The Meaning of Folk-Rock

into-the-mystic-cover

 

Editor’s Note: Christopher Hill and I go way back. Back to the early ‘80s, in fact, to the early days of Record Magazine, a Rolling Stone publication I had created from scratch in tandem with RS founder/publisher/editor Jann Wenner. I don’t recall if Chris phoned or wrote me, but whichever it was, he inquired about contributing reviews to Record. At some point he sent clips of his previously published reviews. As I recall, I was about halfway through a review of an album of Celtic music when I gave him his first Record assignment.
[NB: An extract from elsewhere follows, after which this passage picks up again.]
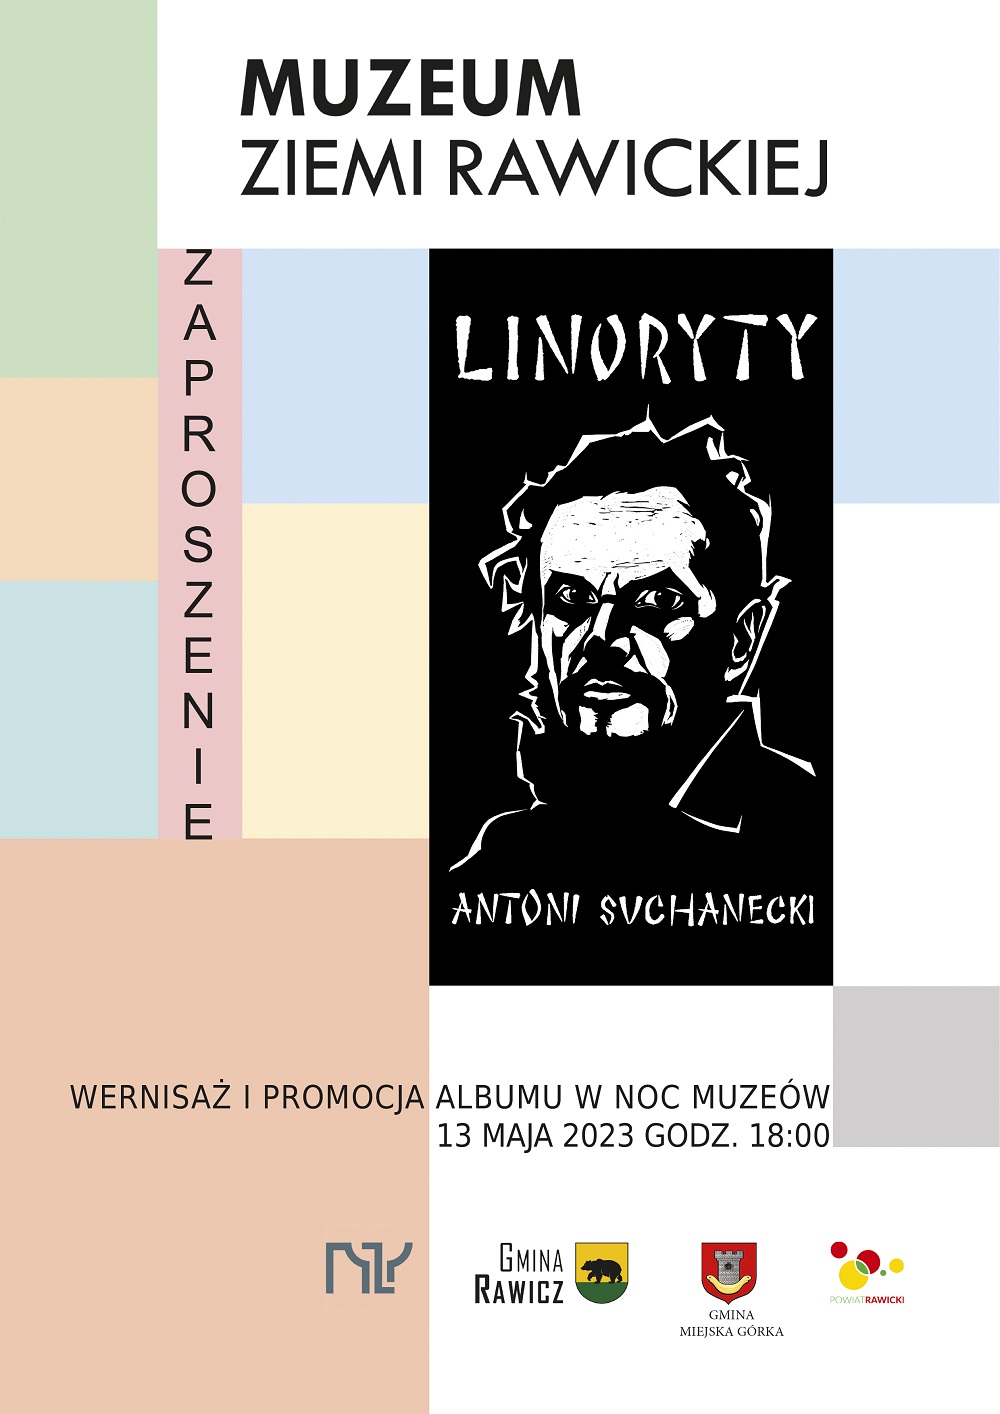 Muzeum Ziemi Rawickiej zaprasza 13 maja 2023 r. o godzinie 18.00 na promocję albumu "Antoni Suchanecki - Linoryty" - połączoną z wernisażem wystawy Autora.

It was clear he was working on a level above the average music critic, blessed as he was with an engaging literary voice he employed in advancing a breadth of knowledge of sources, history and influences that underscored his sense of the music revealing more than what meets the ear.

When I launched www.TheBluegrassSpecial.com in April 2008, Chris was the first writer I called. Indeed, he has done exemplary work for that publication and for its successor, Deep Roots. But as long as I’ve known Chris, he’s talked about writing a book that would examine primarily ‘60s rock ‘n’ roll from a deeper historical perspective than what was offered in other histories; something that would take into account not only the music’s cultural and musical antecedents, as far back into history as he could trace them, but also its spiritual foundations. Far from viewing these as isolated phenomena magically coalescing in the immediate post-war years, Chris always viewed them as having been forever bound together, going back into antiquity, until cultural tectonic plates shifted so dramatically as to produce something greater than the sum of those parts.

Christopher Hill

Christopher Hill

Well, the book, the product of several years’ work, is here, published this month by Park Street Press. And what animates Chris’s vision in Into the Mystic: The Visionary and Ecstatic Roots of 1960s Rock and Roll, is, again, less what’s on the disc and more what’s in the souls of the ‘60s artists expressing visionary, mystical and spiritual influences in transforming consciousness “on both the individual and collective levels,” as stated in a Park Street Press promo piece. Improbable as it seems, given the familiarity of the music created by the Beatles, the Stones, the Grateful Dead, the Left Banke, the Byrds, Dylan, Van Morrison, et al., you may never hear their songs the same way again after reading Into the Mystic. In fact, I dare say, you will hear them in a more profound way than ever, even if you’ve lived with these artists’ music most of your life and thought you knew it inside out.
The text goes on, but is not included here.